Ещё учась в школе я собезъянничал у мамы любовь к рифмоплётству. Мама была большая рукодельница по этой части: все стенгазеты, все доморощенные выступления, монтажи… – всё она обильно снабжала своими стихами. И я заразился от неё этой болезнью, тоже стал сочинять стихи с десятилетнего возраста. И добился таких успехов, что чуть ли не выпускное сочинение написал в стихах. Что называется «набивал руку».

А когда появился в институте, то там таких «набивающих руку» оказалось столько, что я со своими стихами не совался. И класс у них повыше, и апломб, и разговаривают умно. Но когда в 1954 году я услышал множество песен – это была всеобщая зараза – я поддался этой болезни, абсолютно графоманскому сочинительству. Выучил несчастные эти три аккорда, добавил ещё три. И вот в этом диапазоне, за пять лет учёбы сочинил где-то штук 15 песен. Все шутливые, потому что не относился серьёзно к этому делу. А рядом со мной – живой пример: Юрий Визбор, Ада Якушева, Боря Вахнюк… – эти звёзды расцвели на моих глазах, потому что серьёзно занимались своими песнями.

Московский педагогический институт конца 50-х годов прошлого века стал своеобразным «Гнездом глухаря», из которого встало на крыло множество замечательных поэтов и бардов. Почему именно там и тогда? Как Вам жилось в студенческие годы?

– Иногда мы время от времени встречаемся с Дмитрием Сухаревым и до сих пор спорим: кто больше наплодил бардов – МГУ или Московский педагогический? По количеству получается, что мы немножко впереди, а по качеству – тут вопрос сложный… Но всё это не важно – это наши шутливые разборки.

А этим делом была охвачена вся наша студенческая страна. И в Питере появились бардовские имена, и в Москве сколько угодно, и в Киеве, и в Днепропетровске… – везде. Появились, как грибы. Появились с той самой «пресловутой» оттепелью, которая заслуживает другого эпитета. Я бы сказал – благословенной оттепелью, которая случилась в хрущёвские времена и случилось необратимо. Эта маленькая щёлочка свободы, которую приоткрыла наша железобетонная партия, вдруг дала такой мощный толчок творческому импульсу всей нашей нации в её интеллигентном сословии, что он и не прекращался. Даже во времена застоя он продолжал работать на нашу культуру. Произошёл расцвет поэзии, кино, театра, журналистики… И на этом фоне появились барды.

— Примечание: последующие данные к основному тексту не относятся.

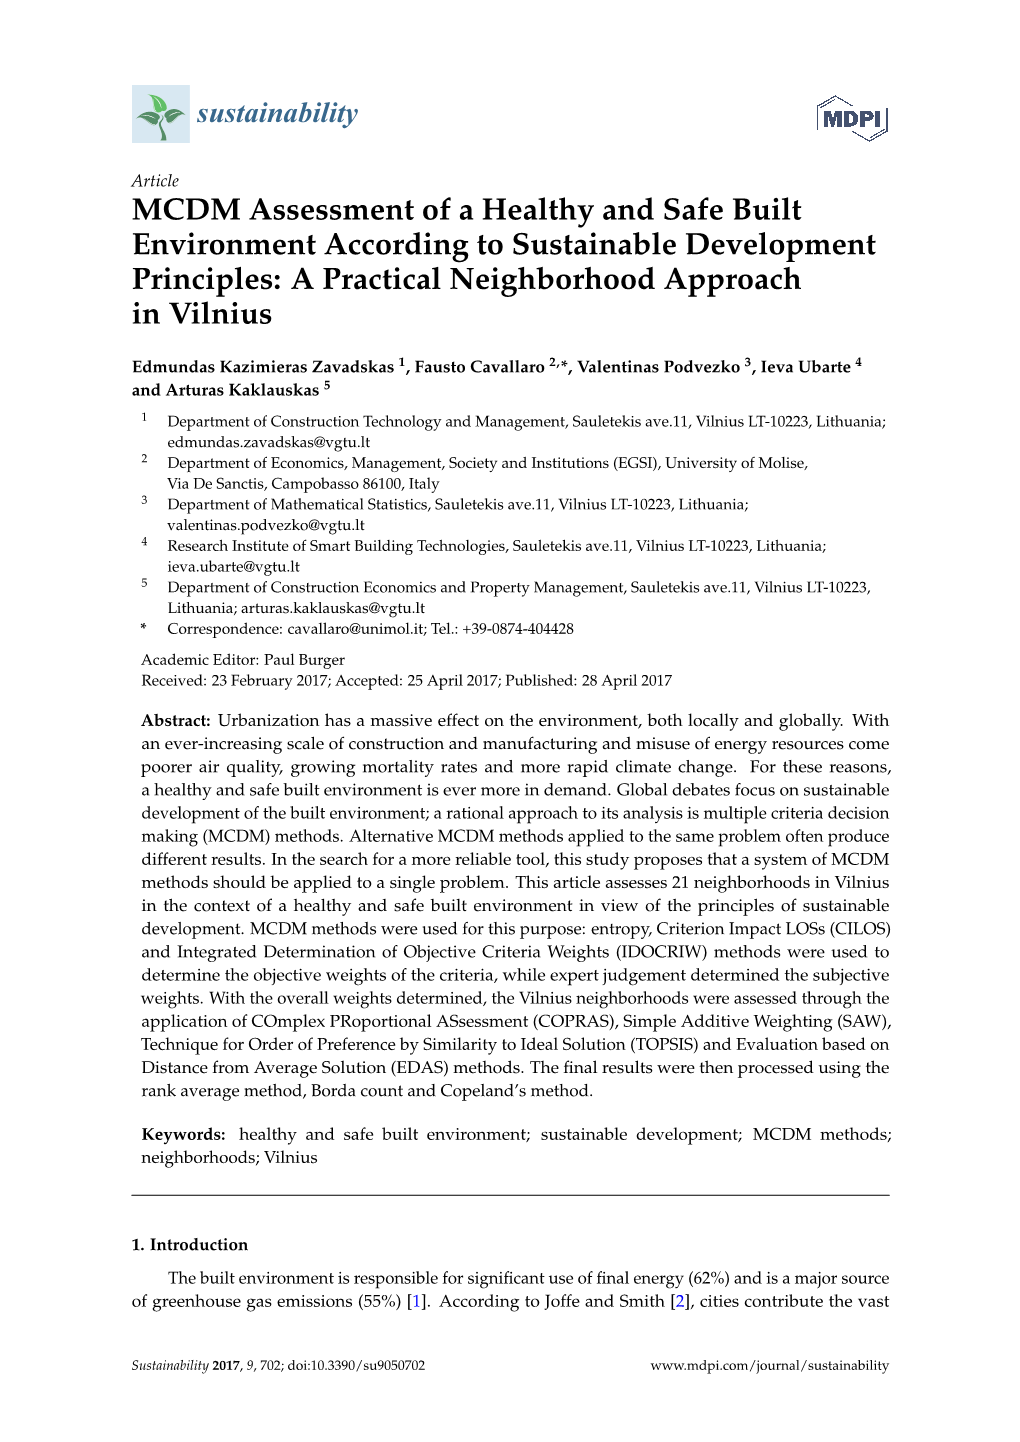 MCDM Assessment of a Healthy and Safe Built Environment According to Sustainable Development Principles: a Practical Neighborhood Approach in Vilnius

Что касается меня, то я сформировался как бард на Камчатке.

Вы на Камчатку попали по распределению или Вас таким образом наказали?

– По распределению. Нам предлагали три «точки»: Северный Кавказ, Центральную Сибирь и Камчатку. Я выбрал Камчатку, чтобы познакомиться с экзотическим краем, о котором ничего не знал. И потом была ещё материальная подоплёка моего выбора: Камчатка бронирует жилплощадь. Человек, который уезжал на Севера, оставлял за собой право на квартиру, и мне не надо было выписываться из Москвы.

А в каком месте этой огромной страны Камчатка Вам пришлось обитать?

– В силу своего халдейства я попал… Халдейство заключалось в том, что я оказался в Петропавловске-Камчатском пятого сентября, когда уже начался учебный год. И меня направили туда, где ещё кто-то требовался, но никто не хотел туда ехать. Теперь, как я понимаю, это была из всех дыр самая дырявая, которую только можно себе вообразить.

Это был посёлок Ильпырский, стоящий на речке Анапка. По этой причине его тоже иногда называли Анапкой. Население две тысячи человек, включая грудных детей. Почти все работали на Анапкинском рыбокомбинате, как теперь говорят «градообразующем предприятии». Маленькая школа-десятилетка. В младших и средних классах училось до 20 учеников, в выпускных – семь-восемь-десять. Была в посёлке и вечерняя школа.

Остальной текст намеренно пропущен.